2, Offline Update index table. In a scenario where a level two index is really needed, the timeliness requirements are often low. The index can be updated in real-time to a redis-like KV system and periodically updated from KV to indexing table in HBase. Ps:redis has the concept of DB setup, which can be isolated by time period, so that data in a certain period of time will be updated to Redis, ensuring that Redis import MapReduce can still update operations.

PS: Community and production systems the scenario for hbase two-level indexing continues to be an ongoing concern.

HBase Two-level indexing scheme summary

Contact Us

The content source of this page is from Internet, which doesn't represent Alibaba Cloud's opinion; products and services mentioned on that page don't have any relationship with Alibaba Cloud. If the content of the page makes you feel confusing, please write us an email, we will handle the problem within 5 days after receiving your email.

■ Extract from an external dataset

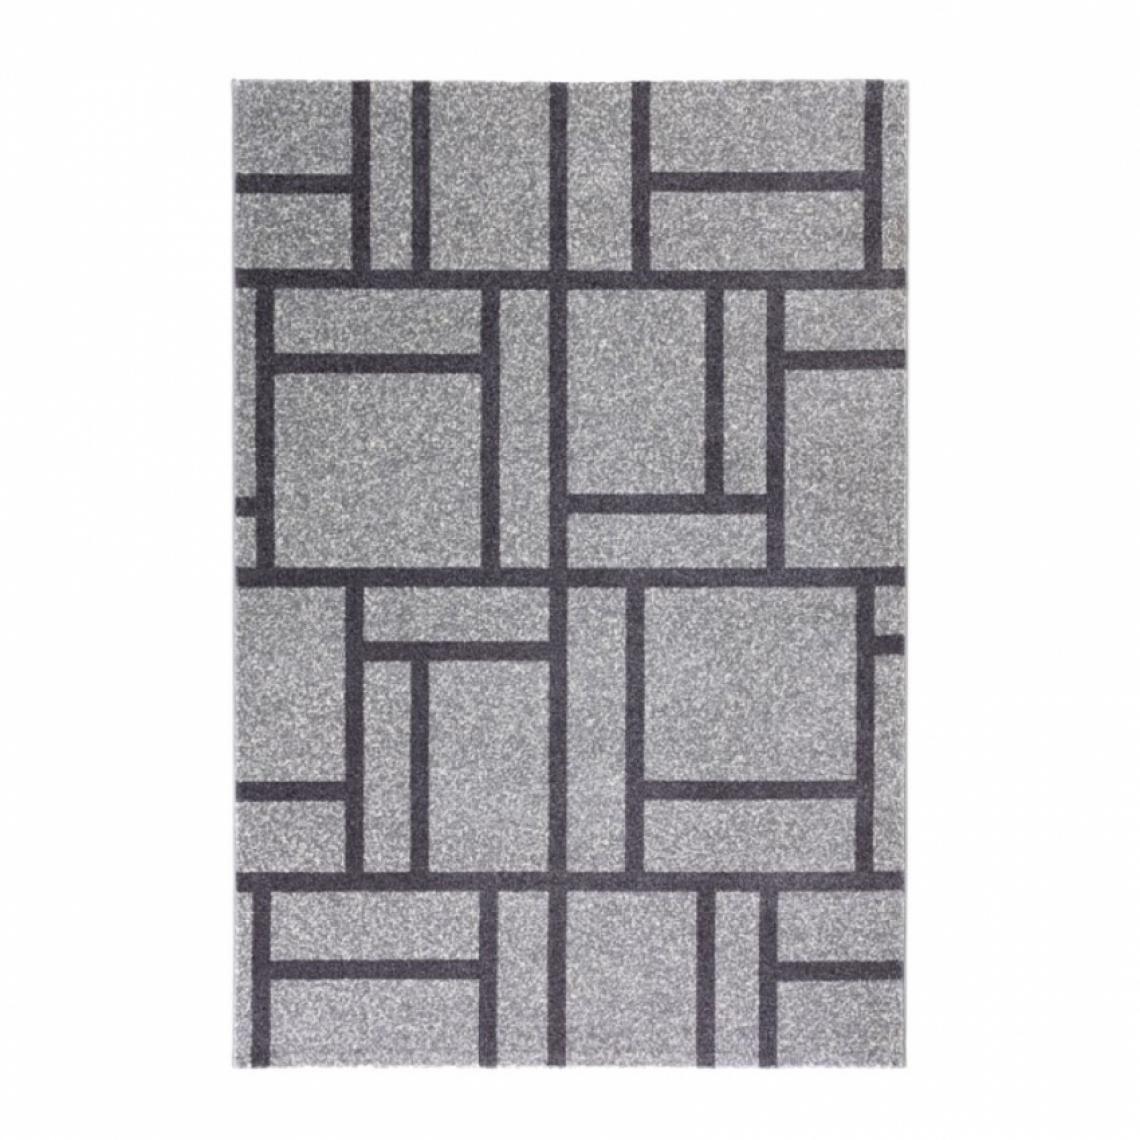 Wmd - Tapis gris noir rectangulaire design géométrique moderne Milano GRI015, Taille: 80 x 150 - Tapis

If you find any instances of plagiarism from the community, please send an email to: info-contact@alibabacloud.com and provide relevant evidence. A staff member will contact you within 5 working days.

A Free Trial That Lets You Build Big!

Start building with 50+ products and up to 12 months usage for Elastic Compute Service

  • Sales Support

    1 on 1 presale consultation

  • After-Sales Support

    24/7 Technical Support 6 Free Tickets per Quarter Faster Response

  • Alibaba Cloud offers highly flexible support services tailored to meet your exact needs.